The classical tradition of the liberal arts was based on a philosophic understanding of the innate dignity of man and the nobility of his intellect. The Church appropriated that tradition as conducive to the development of the intellectual faculties in submission to revealed Truth. As Newman stated, “Liberal education, viewed in itself, is simply the cultivation of the intellect, as such, and its object is nothing more or less than intellectual excellence” (I.v.9). Newman, however, was also at pains to note that “Liberal Education makes not the Christian, not the Catholic, but the gentleman. It is well to be a gentleman.” Newman continues,
It is well to have a cultivated intellect, a delicate taste, a candid, equitable, dispassionate mind, a noble and courteous bearing in the conduct of life—these are the connatural qualities of a large knowledge . . . but still, I repeat, they are no guarantee for sanctity or even for conscientiousness. . . . Quarry the granite rock with razors, or moor the vessel with a thread of silk; then may you hope with such keen and delicate instruments as human knowledge and human reason to contend against those giants, the passion and pride of man. (I.v.9)
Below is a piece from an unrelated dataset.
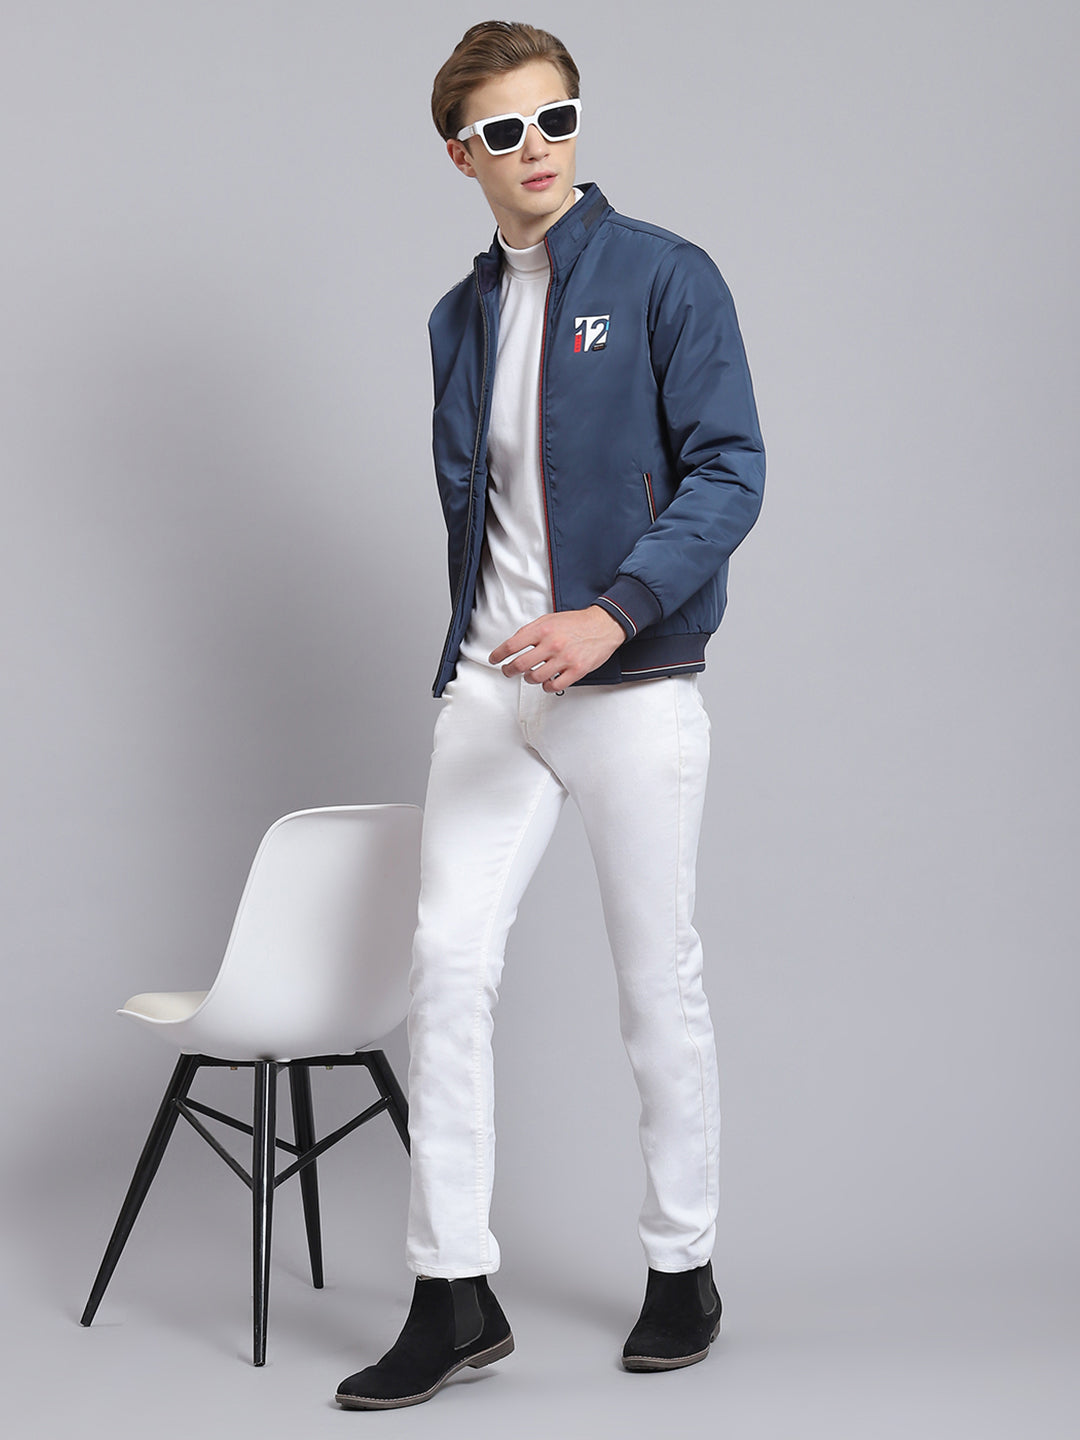 9 Different Men's Jacket Styles And Denim Jacket Outfit Ideas - Bewakoof  Blog
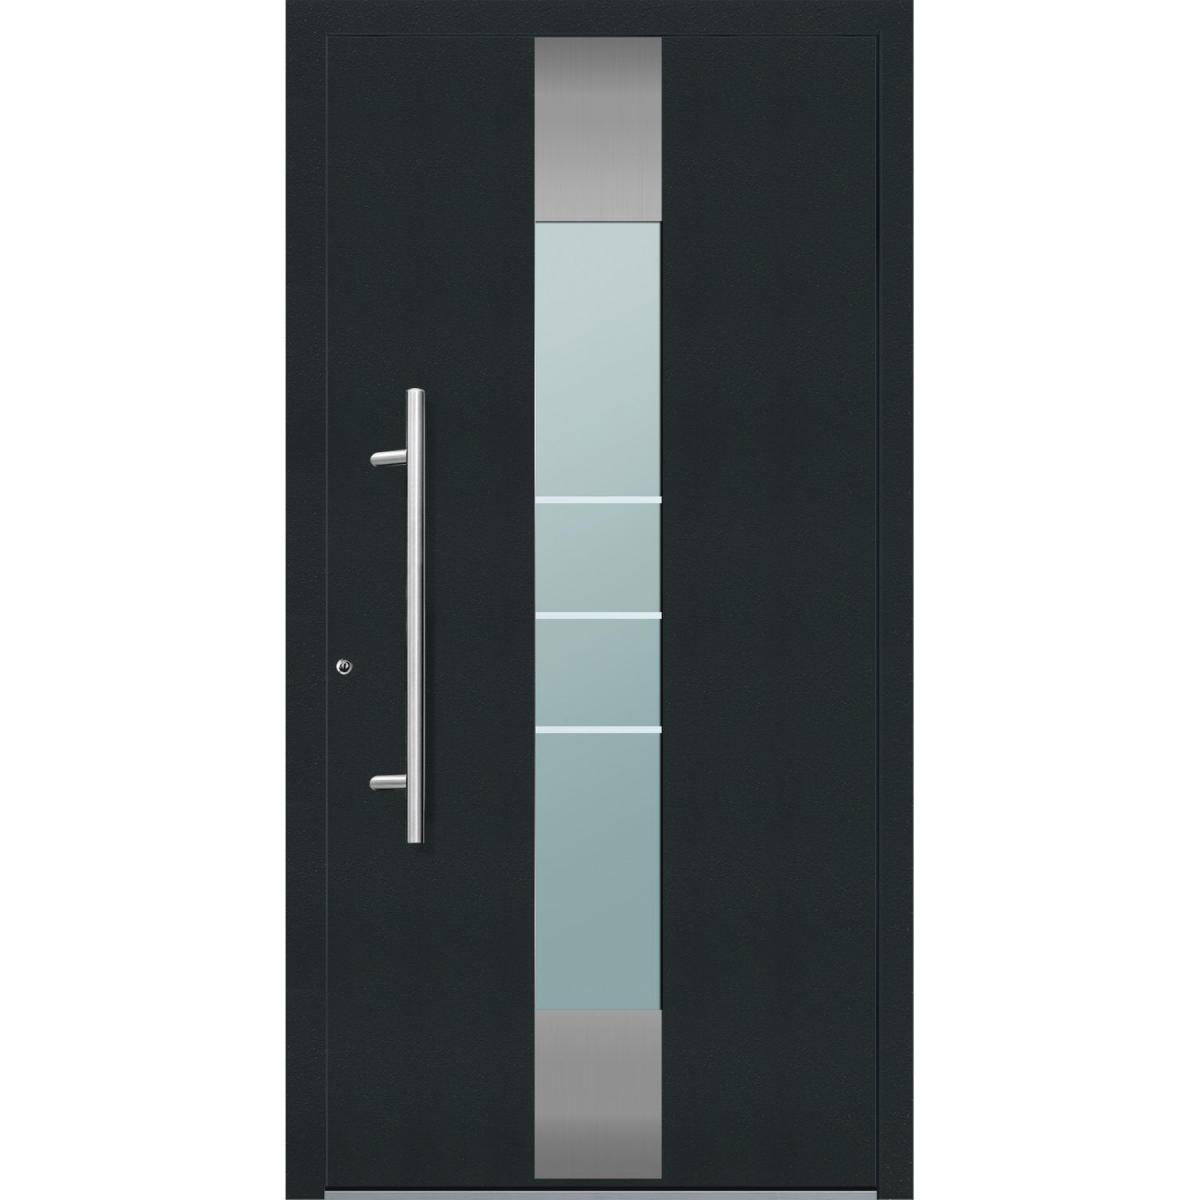 Aluminium Sicherheits-Haustür „Catania Exklusiv“, 75mm, anthrazit, 110x210 cm, Anschlag links, inkl. Griffset

Clearly, liberal education for Catholics must entail the guiding hand and nourishing spirit of the Church in an integral manner, lest both students and faculty eventually fall away from the Truth, as Newman so prophetically described in The Idea of a University: “If the Catholic Faith is true.” Newman asserts,
A University cannot exist externally to the Catholic pale, for it cannot teach Universal Knowledge if it does not teach Catholic theology. This is certain; but still, though it had ever so many theological Chairs, that would not suffice to make it a Catholic University; for theology would be included in its teaching only as a branch of knowledge, only as one out of many constituent portions, however important a one, of what I have called Philosophy. Hence a direct and active jurisdiction of the Church over it and in it is necessary, lest it should become the rival of the Church with the community at large in those theological matters which to the Church are exclusively committed. (I.ix.1)
This is precisely what has come to pass in the vast majority of nominally Catholic colleges and universities in the United States since the Land O’Lakes conference in 1967, with the development of a “second” or “parallel Magisterium” of dissident theologians over and against Rome.
Two years before the founding of Christendom College, Pope Paul VI, in an address to the presidents of Catholic colleges and universities, warned against the secularizing of Catholic universities:
In recent years some Catholic universities have become convinced that they can better respond to the various problems of man and his world by playing down their own Catholic character. But what has been the effect of this trend? The principles and values of the Christian religion have been watered down and weakened; they have been replaced by a humanism, which has really turned out to be a secularization. Morals within the university community have degenerated to the point where many young people no longer perceive the beauty and attractiveness of the Christian virtues.
Responding to this crisis in Catholic higher education, our founders established Christendom College on the bedrock of fidelity to the Chair of Peter and its teaching on faith and morals.
Two years after the foundation of Christendom College, and within a year of his ascension to the papacy, Pope John Paul II, on October 7, 1979, defined the mission of the Catholic college as follows:
A Catholic college must make a specific contribution to the Church, must train young men and women to assume tasks in the service of society and to bear witness to their faith before the world, and must set up a real community which bears witness to a living Christianity. Yours is the qualification of affirming God, His revelation and the Catholic Church. The term Catholic will never be a mere label, added or dropped according to pressures. This is your identity. This is your vocation.
At Christendom College, in their academic, spiritual and social lives, the faculty and students aim at living out this Catholic vocation and identity in its integrity.